Tão certa é a falta de mínimo respaldo científico para a recomendação do propalado “tratamento precoce” que o Twitter anotou em um post do Ministério da Saúde que incentivava essa forma de tratamento a informação de que teria havido “a publicação de informações enganosas e potencialmente prejudiciais relacionadas à COVID-19”. A própria ANVISA, dias depois, ao analisar pedidos de uso emergencial de vacinas contra o vírus, esclareceu de maneira categórica que, nas palavras da Diretora Relatora, Meiruze de Freitas,até o momento não contamos com alternativa terapêutica aprovada disponível para prevenir ou tratar a doença causada pelo novo coronavírus.”

Evidentemente, a utilização de medicação sem eficácia no combate à doença, além dos possíveis efeitos adversos à saúde, acarreta gastos desnecessários de recursos públicos.
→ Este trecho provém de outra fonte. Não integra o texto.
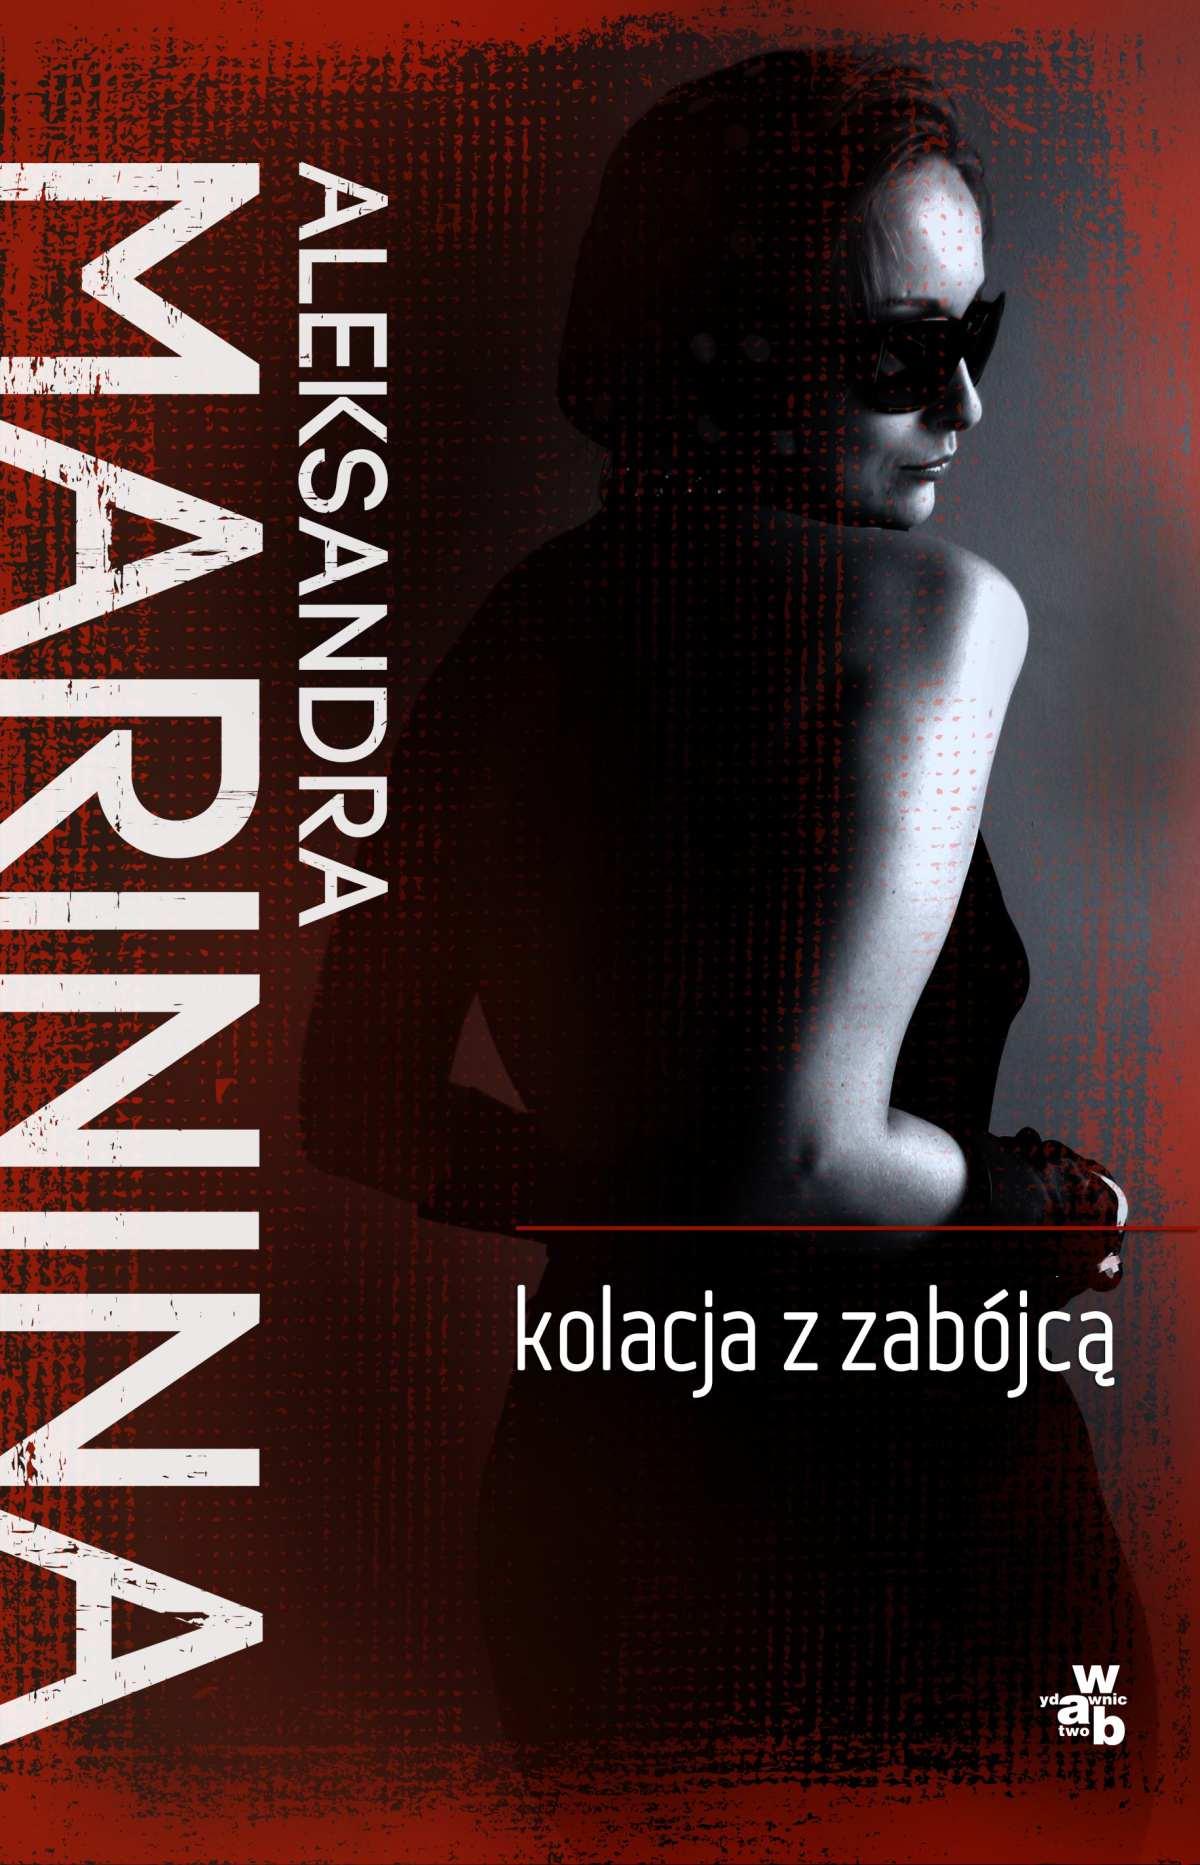 Kolacja z zabójcą - Ebook (Książka na Kindle) do pobrania w formacie MOBI
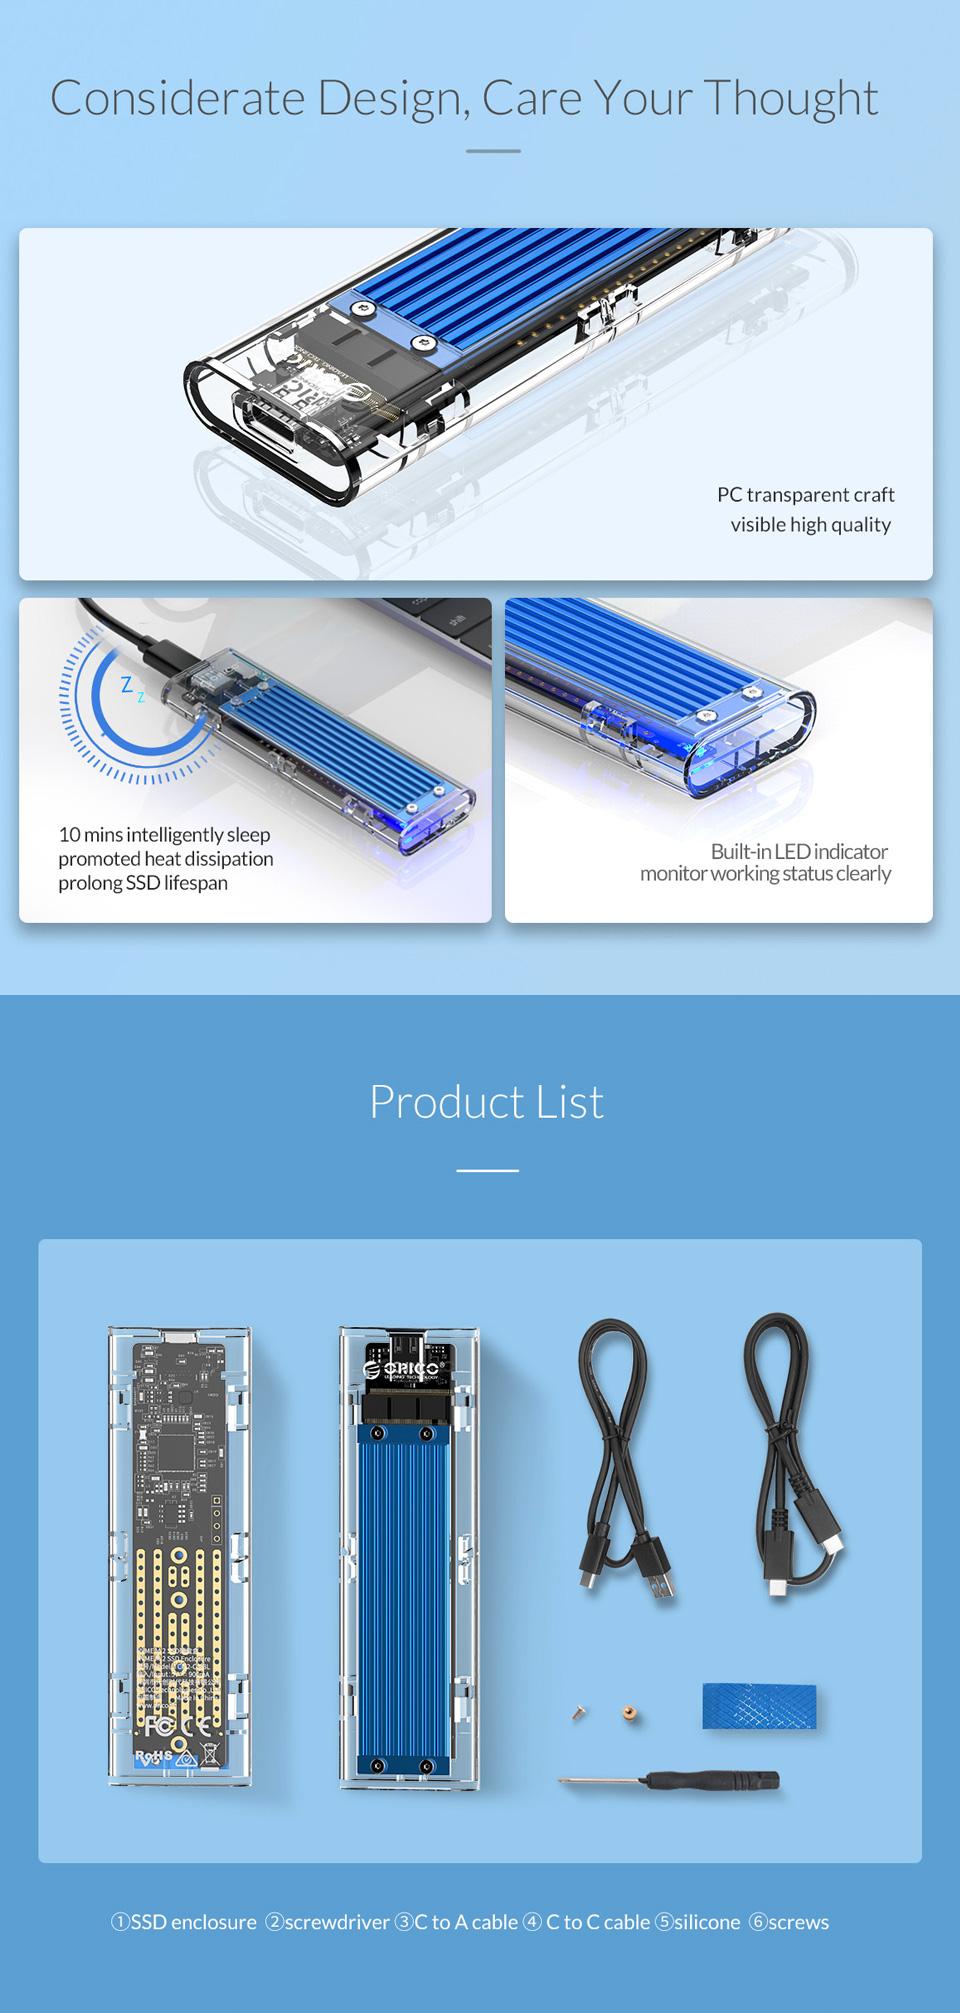 Orico USB 3.1 Type C Gen 2 M.2 Enclosure Transparent Red features 5

O mesmo se diz em relação aos tão propalados quanto ineficazes “Kits COVID”.

Outro exemplo de gestão ineficiente de recursos públicos da saúde foi a manutenção em estoque de quase sete milhões de testes diagnósticos para COVID-19 (RT-PCR) que tiveram seu prazo de validade expirado, conforme noticiado pela imprensa, e posteriormente prorrogado pela ANVISA, mas, ainda assim, com riscos de nova expiração sem utilização.

Cite-se, ainda, o gasto de trinta milhões de reais com campanha publicitária do SUS que, supostamente relacionada à COVID-19, teve como foco a exaltação ao agronegócio e a retomada das atividades comerciais, como informado pela mídia.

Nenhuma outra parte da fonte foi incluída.